In a recent article, co-written with Boris Johnson, Sunak has defended this NI increase, despite open criticism from fellow MPs John Redwood, Robert Jenrick and Mel Stride, chair of the Treasury Committee.
Yet together, Sunak and Johnson describe themselves as ‘tax-cutting Conservatives’ and ‘Thatcherites in the sense that we believe in sound money.’ They insist that they must go ahead with the health and social care levy, because it is the right plan, believing the increase to be progressive, because higher earners pay more. ‘There is no magic money tree.’
Their Cabinet colleague Liz Truss weighed in with support. ‘As soon as possible, we want to be in a position to lower our tax rates. But we do face a short-term issue, which is that we have spent significant amounts of money dealing with the Covid crisis that does need to be paid back.’
TPA chief executive John O’Connell points out that the tax burden now stands at a 70-year high. Many critics will say that to increase this further, just to cover the scandalously inadequate government oversight of past public funds, takes some nerve.
But that, it appears, is what Chancellor Sunak has plenty of.
With new revelations coming to light about investments made from the Government’s £1.1billion start-up scheme, he has simply batted aside tax-payers’ alarm over the additional sums being sunk into, for example, an online betting start-up, BetConnect (at a time when colleagues elsewhere consider methods of tackling gambling addiction); or a luxury holiday firm Edge Retreats, which markets ‘the world’s finest’ in villas and private islands to the wealthy (rumoured to cost as much as £400,000 a week to rent).
And all this, while polishing up his PR-led leadership challenge campaign, having openly stated that Partygate could be unsurvivable by the PM.
Sunak is believed to have drafted his campaign website (inspired by his No 11 newsletter), and developed a marketing strategy. A special adviser is ‘building the Chancellor’s online brand’, through canny use of social media, Instagram, and his newsletter. His ‘Ready for Rishi’ Twitter account boasts in his latest January tweet that ‘it’s time for a leader who doesn’t break the rules’.
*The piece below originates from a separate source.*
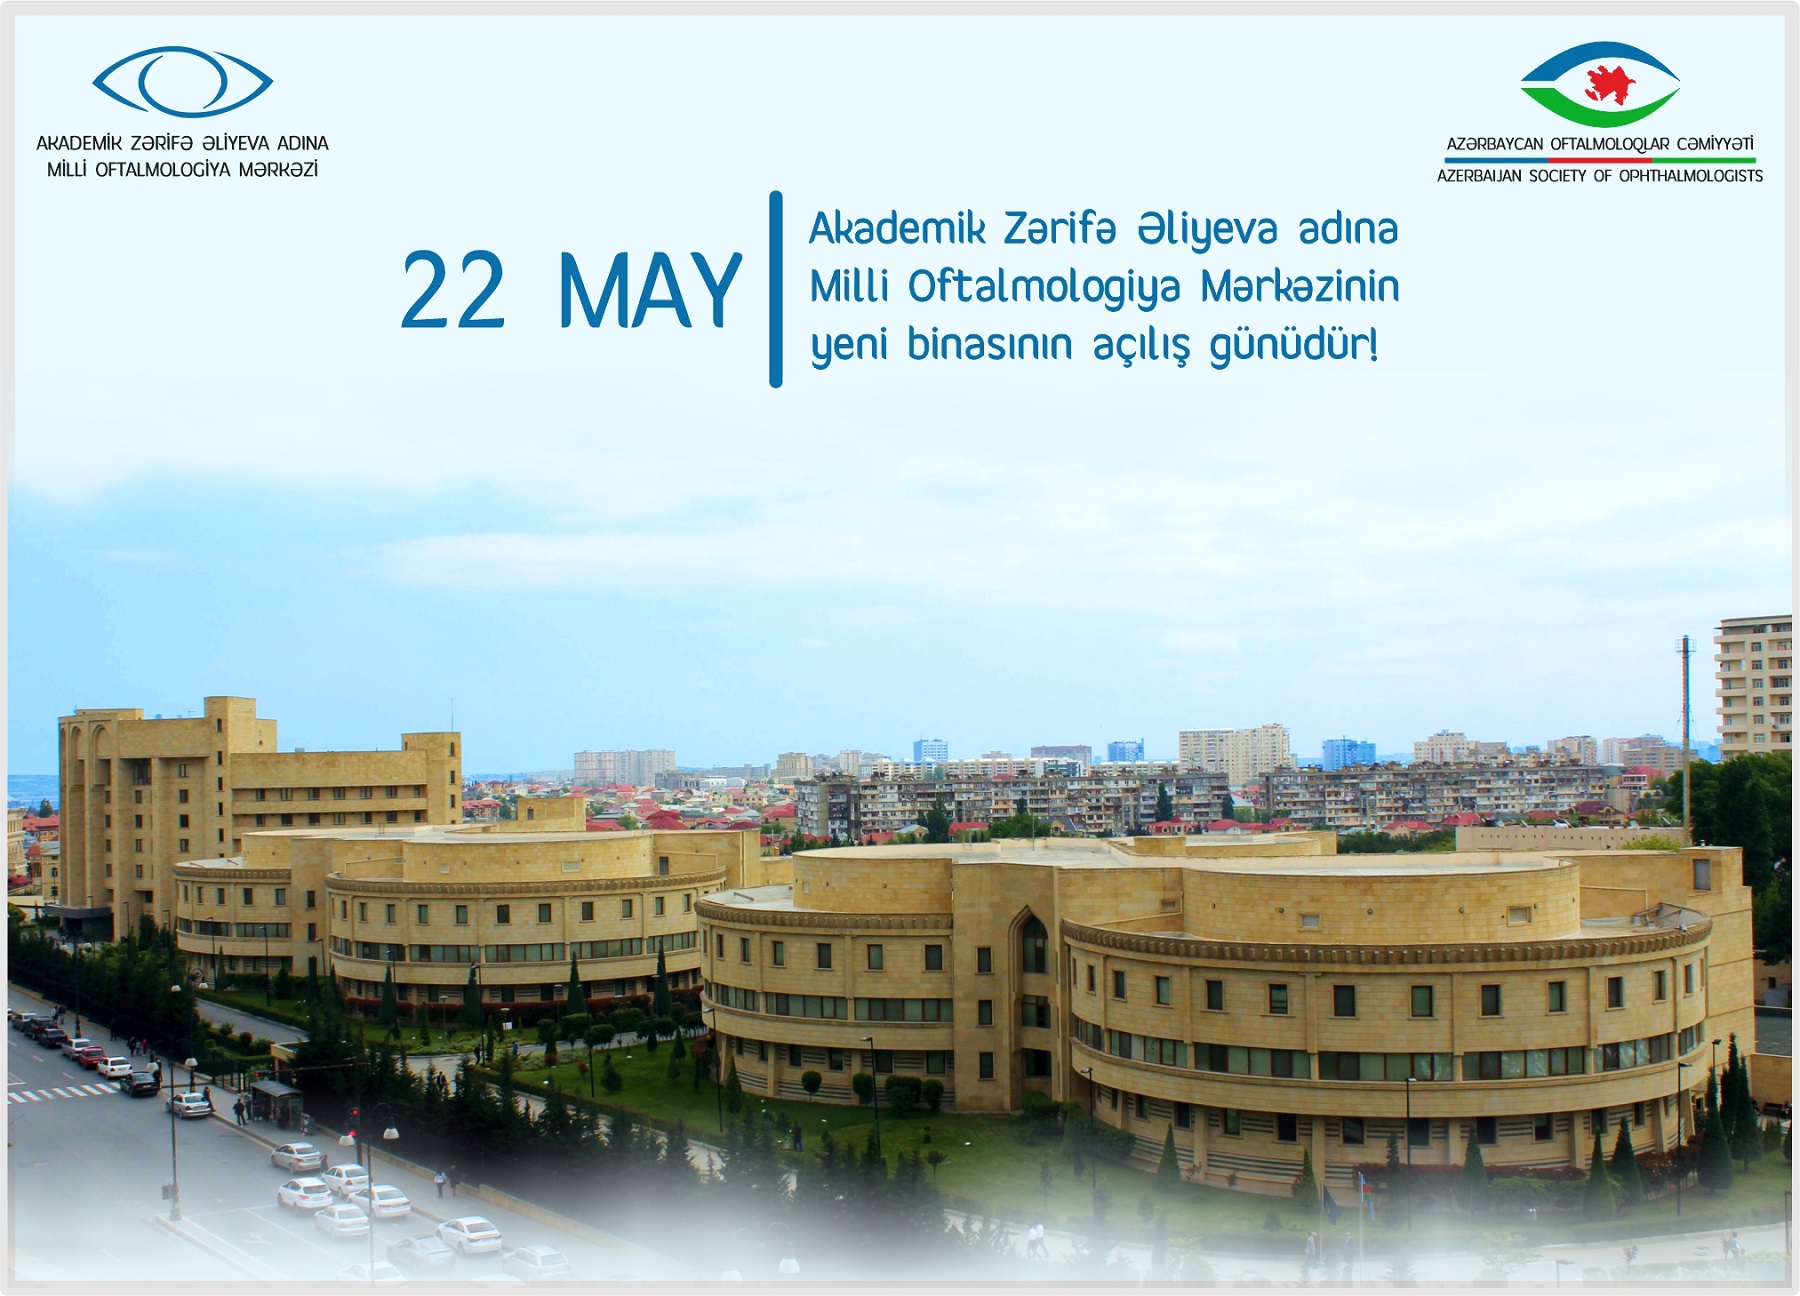 22 may Akademik Zərifə Əliyeva adına  Milli Oftalmologiya Mərkəzinin yeni binasının açılış günüdür!

Darwin Friend, a TPA policy analyst, has stated: ‘People who wrongly pocketed taxpayers’ cash should be properly punished.’ He could well extend this to cover those responsible for the mismanagement of the Covid cash handouts, instead of them potentially being rewarded by the upward mobility of the Establishment’s revolving door.
On Sunday, TCW Defending Freedom asked readers: ‘Is Britain under a Tory government any better than a banana republic?’ At £27billion per annum in public sector financial fraud, the country is well on its way to the top of that tropical tree.